Hi I'm going top be doing a masters at Manchester this year. I'm not very good at saving money. I got out of my habit of shopping sprees a while ago but I still buy expensive food because I don't like a lot. I was wondering if anyone got any advice on saving money as I won't have much to live once the fees and accommodation are paid.
College is such a serious expense but the time will be worth it. If you need to travel by bus/train daily buy a monthly/yearly pass - it'll save you a hell of a lot in travel and makes it a lot easier to avoid taxis when you've pre paid your travel. Also if you're cooking do as much as possible and you can get the following day lunch/din from it plus freeze the remainder and you can use it again. V. Martha Stewart of me I know!
Seven 20p tins of baked beans plus a 60p loaf of bread = lunch every day for £2 a week.
That's what I was reduced to when I was an undergraduate, I can't say I never gave in to temptation and bought a sandwich now and then, but it made a big difference to my wallet.
walk to uni, or go by bike, instead of taking the bus. that can save you lots of money, and it keeps you fit. even if it means a 45 minutes walk each way; you get to uni awake and ready, and in the evening you have time to turn off.
use f.e. skype for phone calls. it's free. you don't need a landline.
if you do buy more expensive food, buy little at a time. go shopping for one item every day, don't do all the shopping once a week and watch half the things go off before you get around to eating them. plan your meals. being on my own, i find getting the smaller, often organic, and theoretically more expensive packs of stuff to be cheaper on the long run, because why should i spend 50p for a large pack of which i will only eat half before it goes off, when i can pay 40p for a much smaller pack (meaning, it's overall more expensive), but will eat all of it? sometimes a solution which is initially more expensive will save you lots of money in the long run. do the sums carefully.

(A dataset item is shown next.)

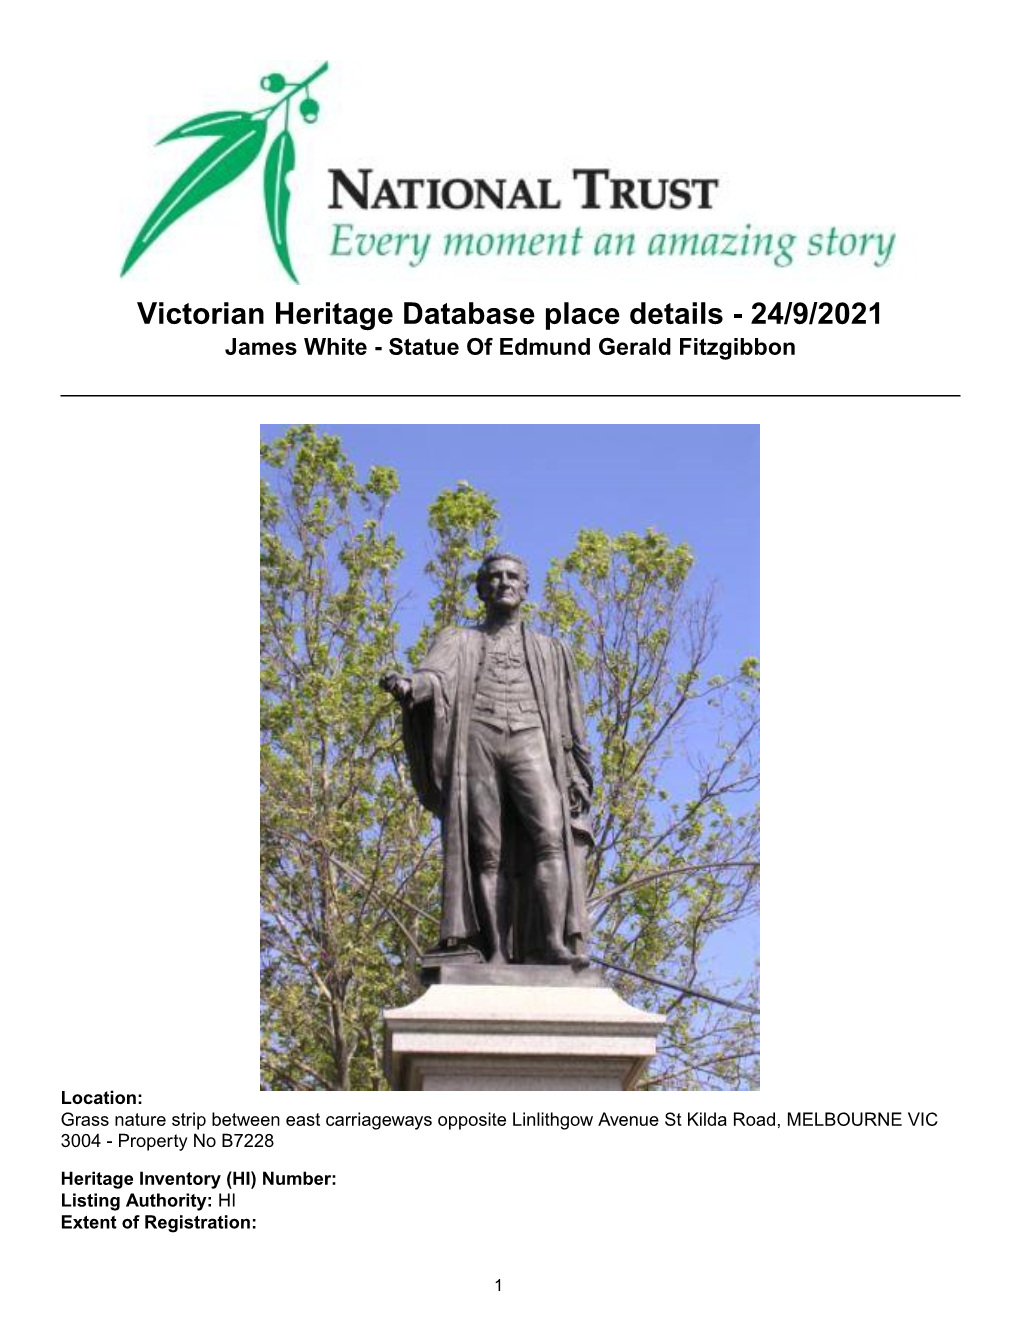 Victorian Heritage Database Place Details - 24/9/2021 James White - Statue of Edmund Gerald Fitzgibbon

Hi, check out some of the cheap budget supermarkets - Aldi, Lidl, Nettos - they are basic so don't expect anything too exotic, but they do a good line in fresh veg, fresh and cured meats, dried pastas and sauces and frozen food. Buy a little and often of fresh stuff, as you need it. Stock up on tinned and storecupboard ingredients and get creative with your cooking when you're not studying...ready meals cost a lot more than meals that you prepare for yourself and are often nowhere near as nice!
I just realised I wrote expenives instead of expenses...that doesn't make me look stupid at all...
Thanks for the advise SuzanneWilliams, I do shop at aldi sometimes. As for cooking from scratch, I hate cooking and rarely have the time for it but I have got to the point where I'll have to cut down on the amount of money I spend on food. So I've decided to live on really cheap basic doesn't taste as good stuff.
If it's The University of Manchester you'll be at (rather than the Met) on the days when you really must buy lunch out instead of making something at home, avoid the main refectory (the one on Oxford Road near the library).
It is way too expensive, and you can get a 'sub of the day' for £2 from Subway which is just down the road!
Cooking can be as easy as boiling a pot of water and having some lovely rice or pasta. Sauces that you can stir in are not that expensive, and if you add a bit of meat, like low fat beef or chicken, you have a quick, healthy meal that is not expensive. It takes as long as it takes to cook the rice or pasta, which depending on your variety, is 10-20 minutes perhaps. Everyone has 10-20 minutes to spare, why, that is much quicker than getting a pizza delivered!!!